*** DATA PROVIDED ***

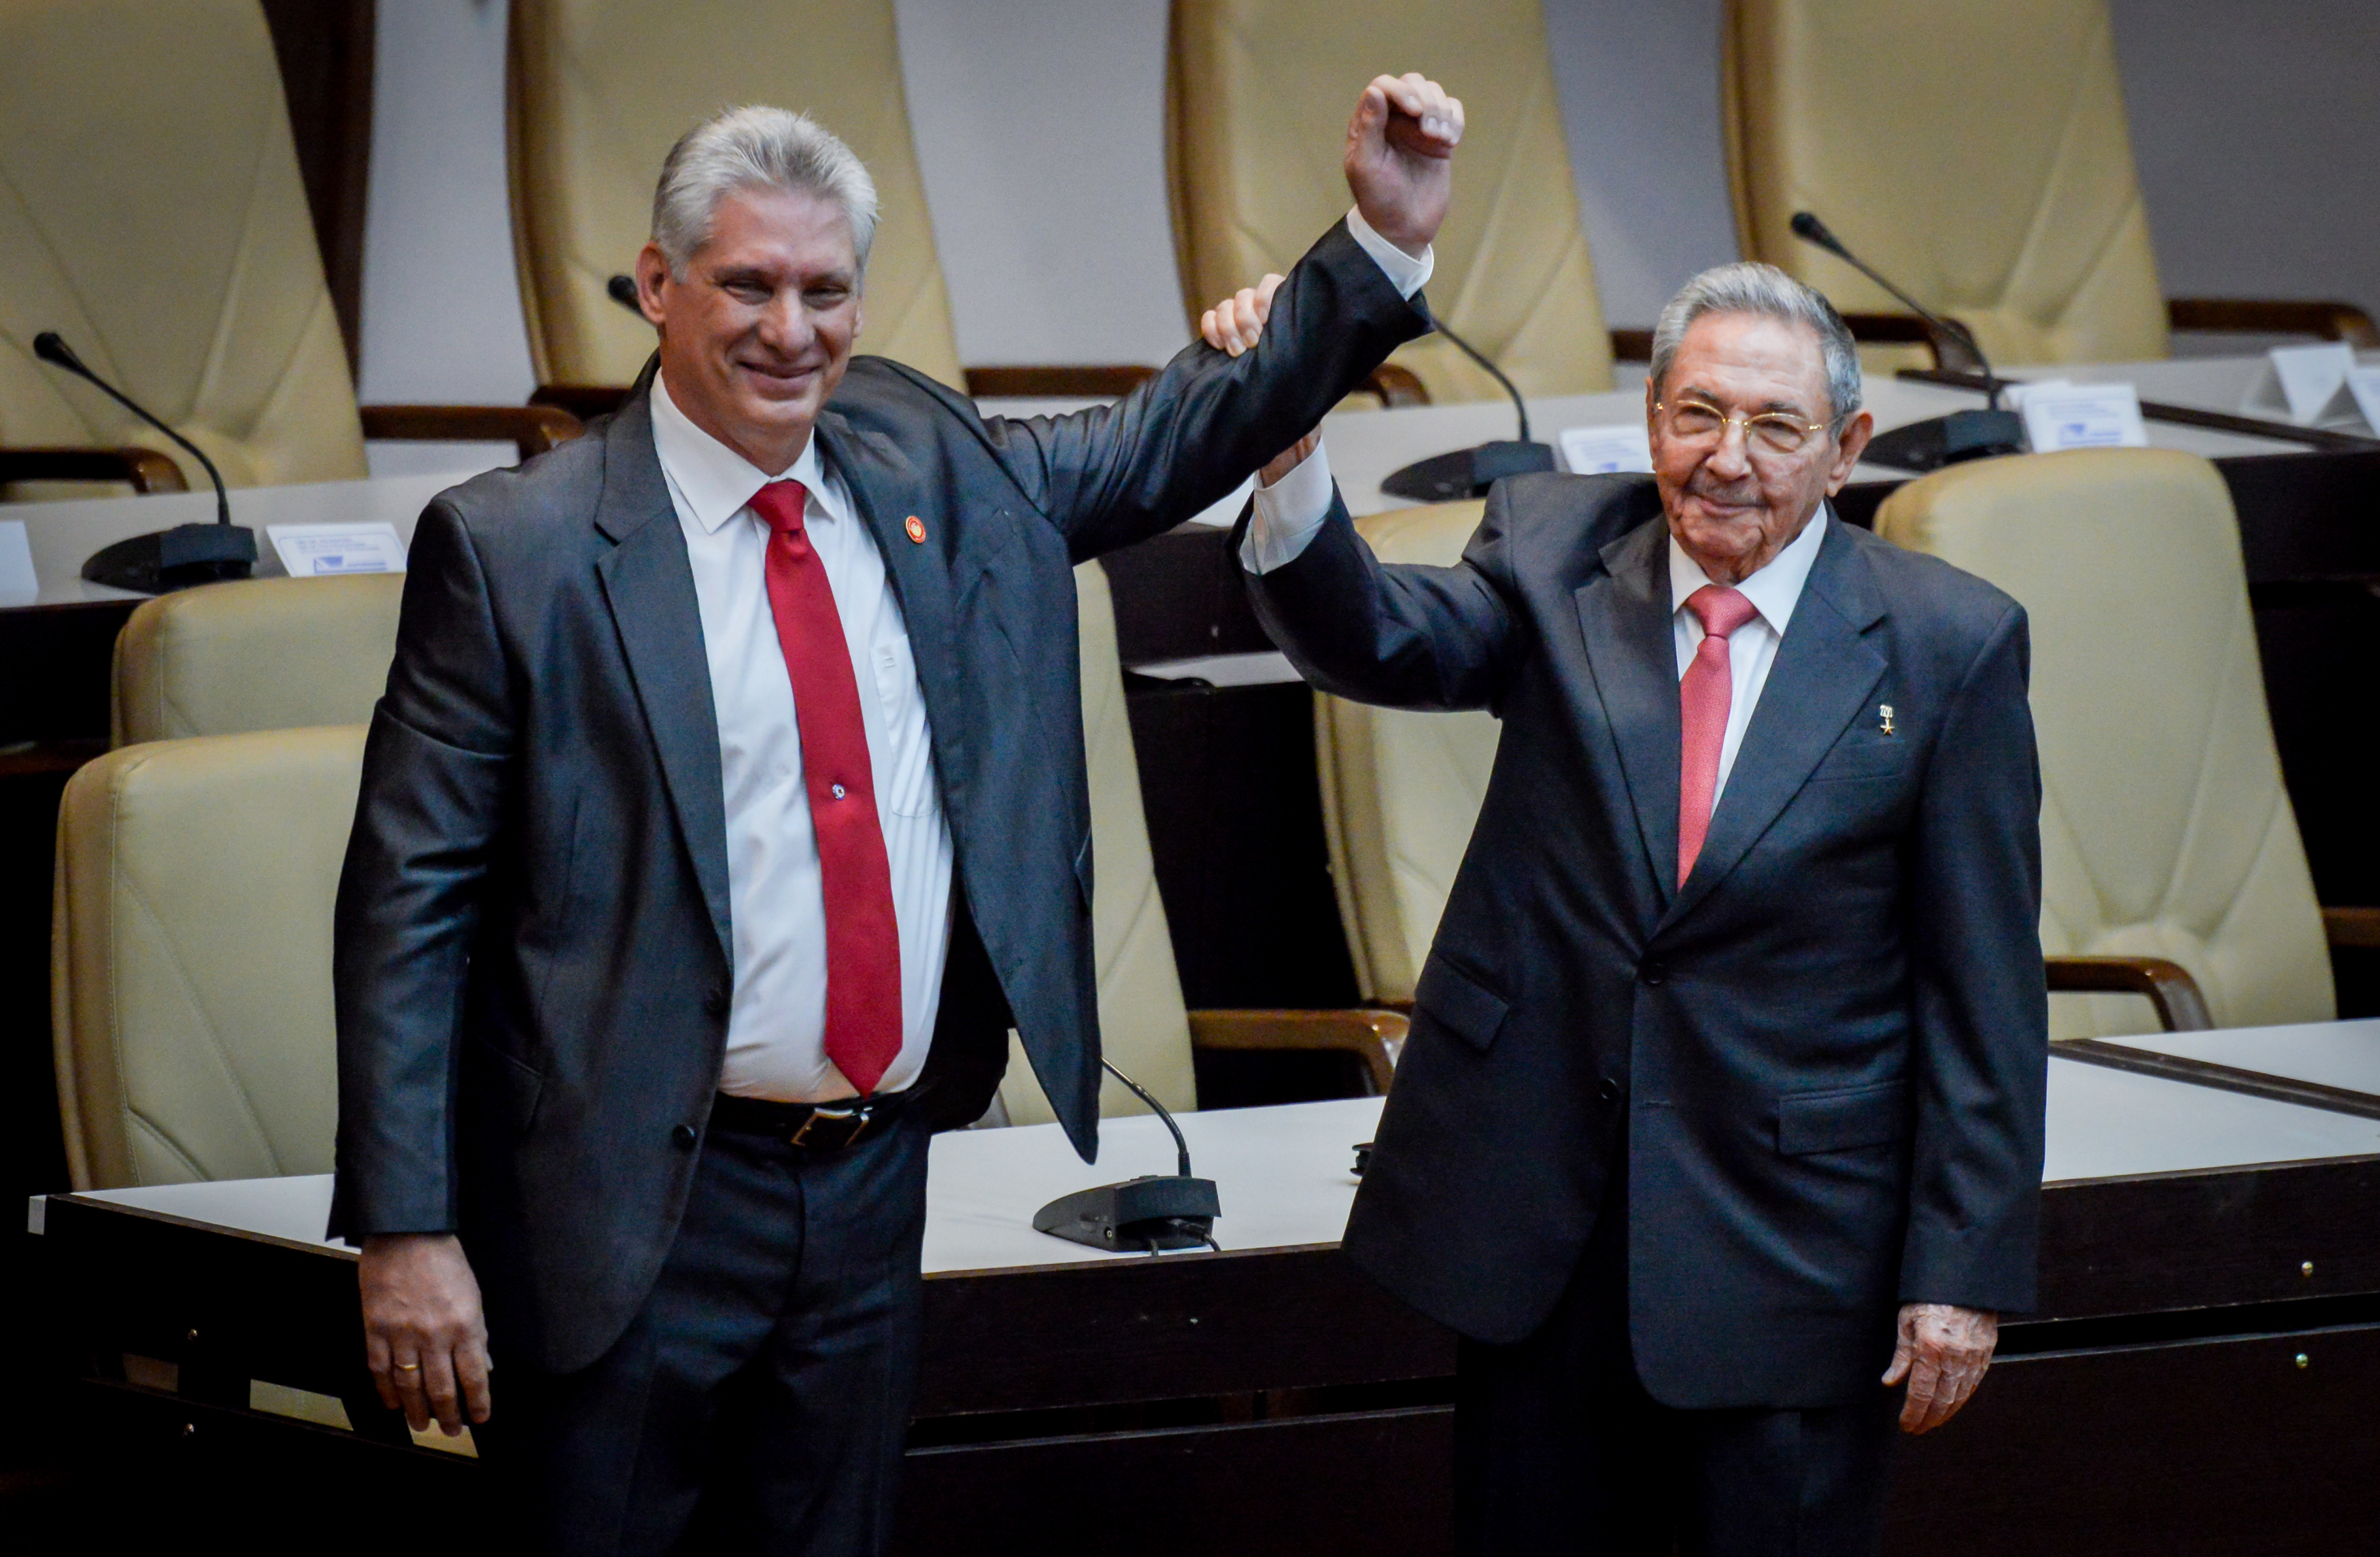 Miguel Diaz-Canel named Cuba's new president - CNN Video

*** End of DATA PROVIDED ***
*** DATA PROVIDED ***

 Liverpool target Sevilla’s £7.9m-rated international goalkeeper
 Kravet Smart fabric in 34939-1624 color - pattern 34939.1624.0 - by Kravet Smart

*** End of DATA PROVIDED ***

TASK DESCRIPTION:
The reply should hold only the lines of the listing above starting at the line containing "Liverpool target Sevilla’s" and ending at the line containing "Kravet Smart fabric", exactly as written.

REPLY:
 Liverpool target Sevilla’s £7.9m-rated international goalkeeper
 Kravet Smart fabric in 34939-1624 color - pattern 34939.1624.0 - by Kravet Smart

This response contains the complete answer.